7. Writing Process and Rituals
- Writing in Silence
- No playlist or snacks; needs “a few hours ahead of me, be fully caffeinated, and an empty house with silence.” (36:53)
- Identifies as “French to the core” in her need for regular meal breaks (37:40)
8. Current and Upcoming Work
- Memoir in Progress: A Trail of Taste and Illness
- Notable Essays:
- “Don’t Wait for Me for Lunch,” Gastronomica (2022)
- “Souvenirs of an Awake Craniotomy” (in Brain journal), winning a best essay prize
Notable Quotes & Memorable Moments
- “In a few months, I became a mother, I lost my dad, I received a life threatening diagnosis…life is not the same is one way to put it.
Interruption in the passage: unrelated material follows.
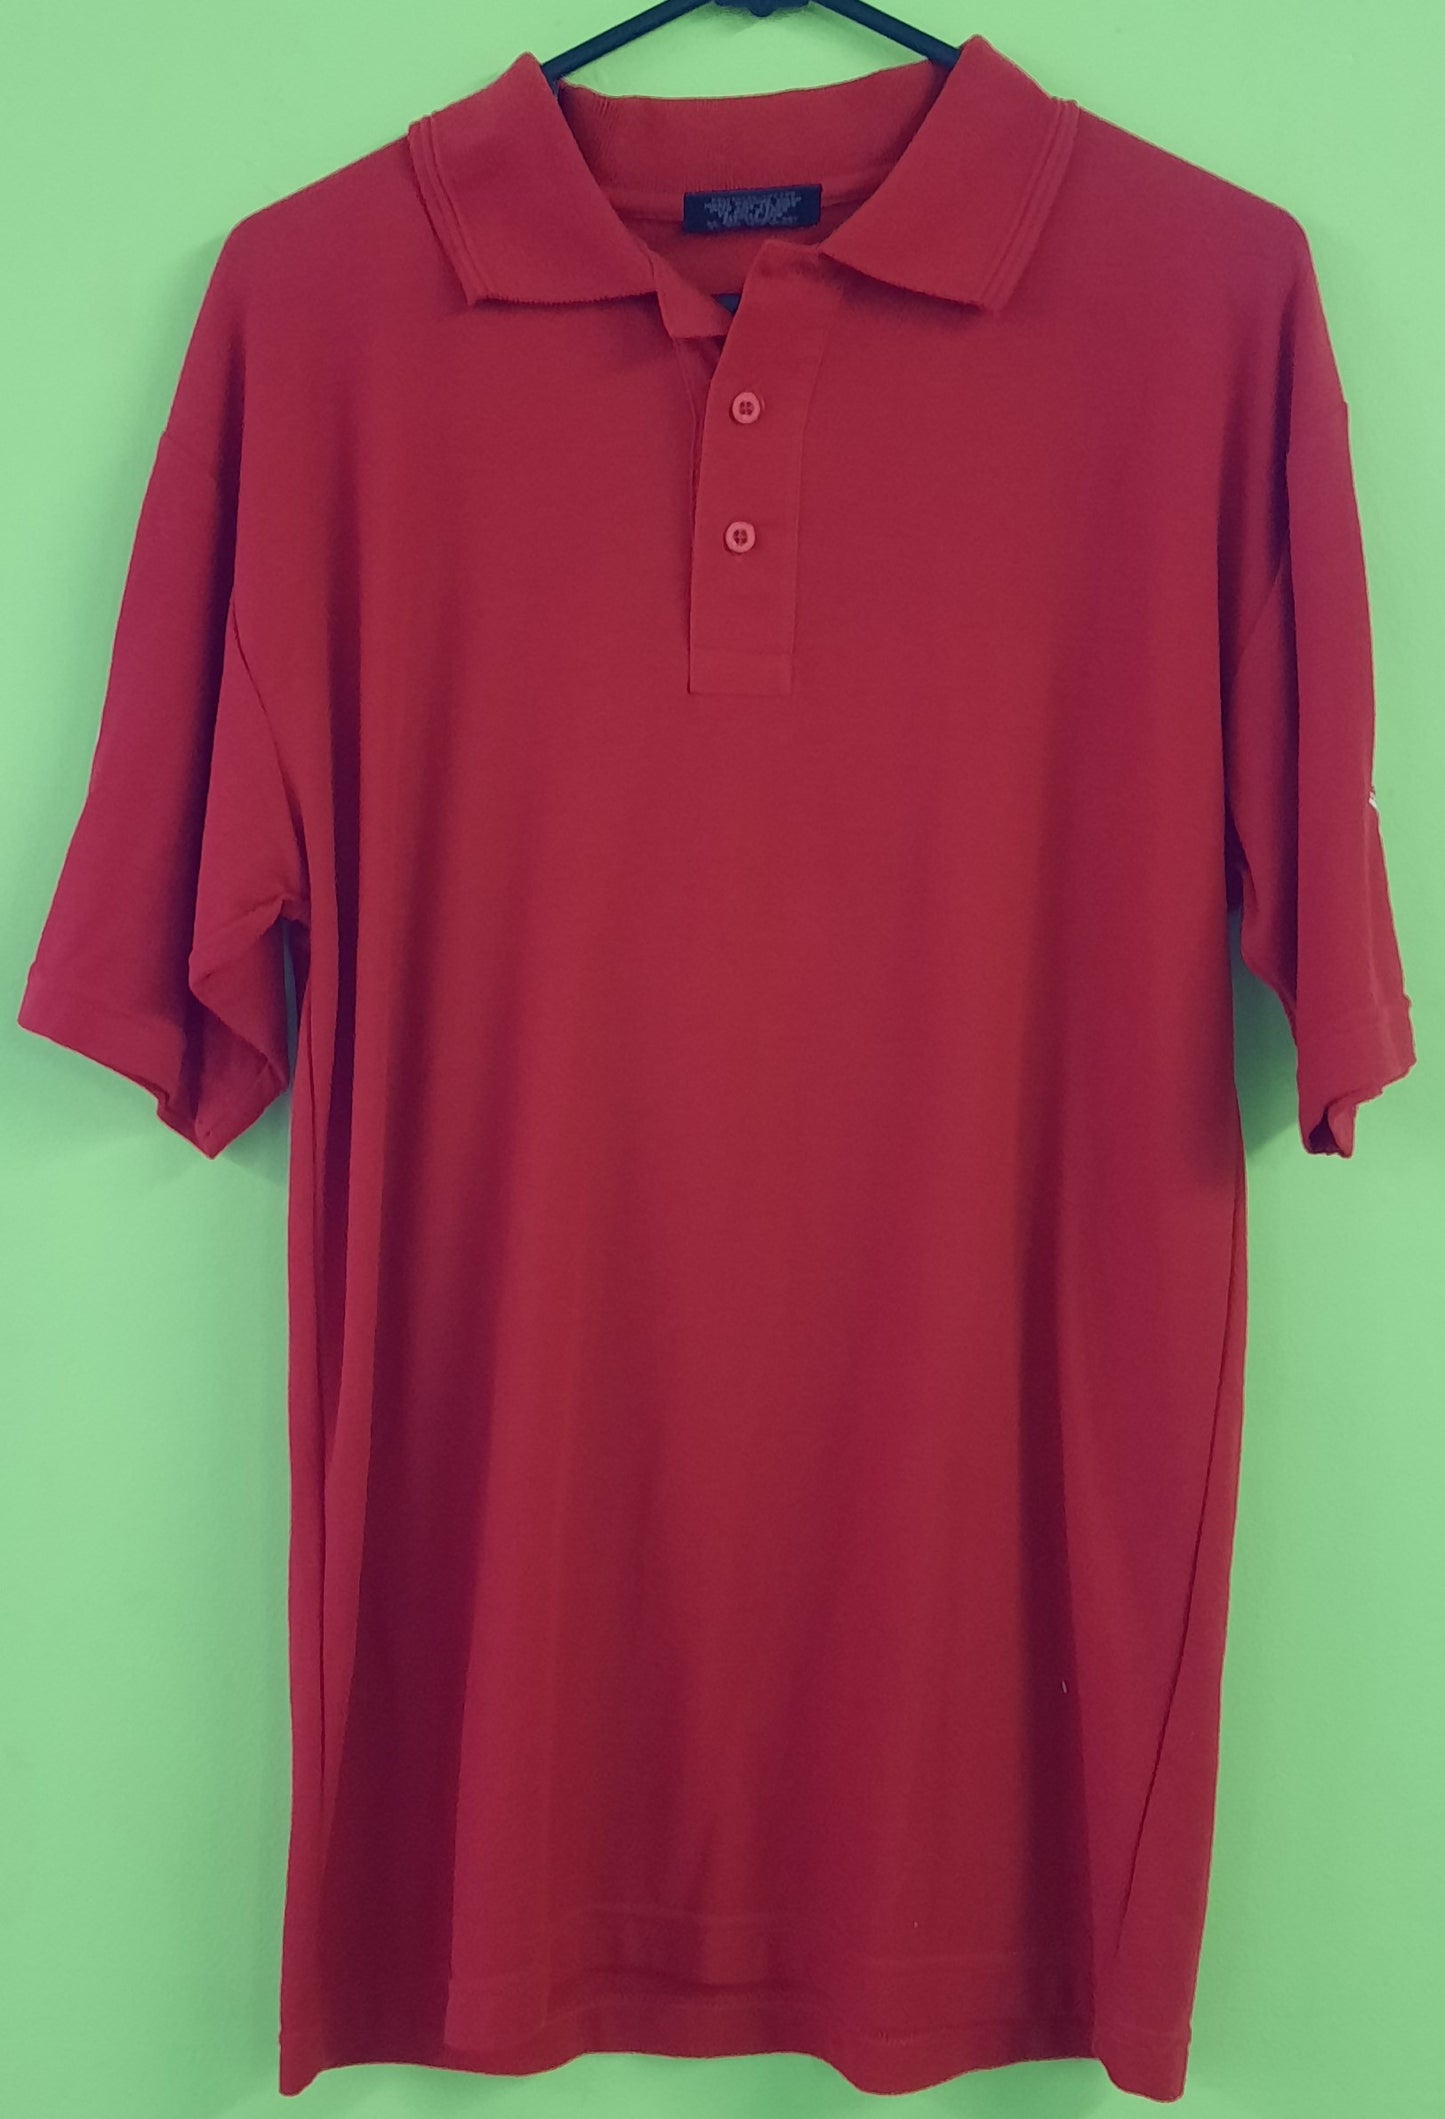 Ford Crest Polo Shirt - Red (Men's)

My life was turned upside down.” (03:52, Camille de Jean)
- “We were lost, but the metadata 10 years later allowed me to find us and to say, like, this is exactly where my father stood when he took that picture.” (08:26, Camille)
- “I have a very complicated relationship with the idea of hope because of where I’m at in my life…I try to face things as they are.” (10:34, Camille)
- “The search for authentic food is laden with power relationships, exoticization, and neocolonial desires to eat the other.” (13:51, Camille referencing bell hooks)
- “Why would I deny myself a good pad Thai?” (15:14, Camille)
- “Having a personal, getting into this big picture story through a personal entry point can have quite a bit of impact… the story of the hill tribes and the haze crisis might stay with them longer.” (18:14, Camille)
- “Meals mark the story’s space… sometimes commensality of the table is not joyful – it's the moment when we had to face what was happening.” (21:31, Camille)
- “There’s no pathos or lyricism in my writing…It is not easy when you come from an academic background to write yourself in your pieces.” (32:54, Camille)
- “Everything bad that could happen has happened. Why not do it? Yes. So it’s uncomfortable, but it’s highly rewarding.” (35:27, Camille on writing creative nonfiction)
Timeline of Important Segments
- 00:12 – Introduction to Camille de Jean and essay context
- 01:13 – Camille’s backstory; family experience in Chiang Mai, father’s diagnosis, personal upheaval
- 07:19 – The significance of the opening photograph; metaphor of the haze
- 10:27 – Disbelief vs. hope in confronting climate and personal crisis
- 13:51 – Culinary tourism, authenticity, and power dynamics
- 15:56 – From culinary to disaster tourism; connecting personal and global crisis
- 21:05 – Food as narrative anchor; commensality in moments of stress
- 28:51 – Eating rituals as support during times of illness
- 31:16 – Camille’s main writing motivation: combining academic and creative writing
- 36:14 – Writing rituals and process
- 38:18 – Memoir details and recent publications
Further Reading & Listening
- Camille de Jean’s website: camillebejan.org
- Essays:
- “Don’t Wait for Me for Lunch,” Gastronomica, 2022
- “Souvenirs of an Awake Craniotomy,” Brain
- Gastronomica’s current issue: ucpress.edu/gastronomica
(This summary was created to capture the spirit, insights, and emotional texture of the conversation, faithfully reflecting the voices and themes of the episode.)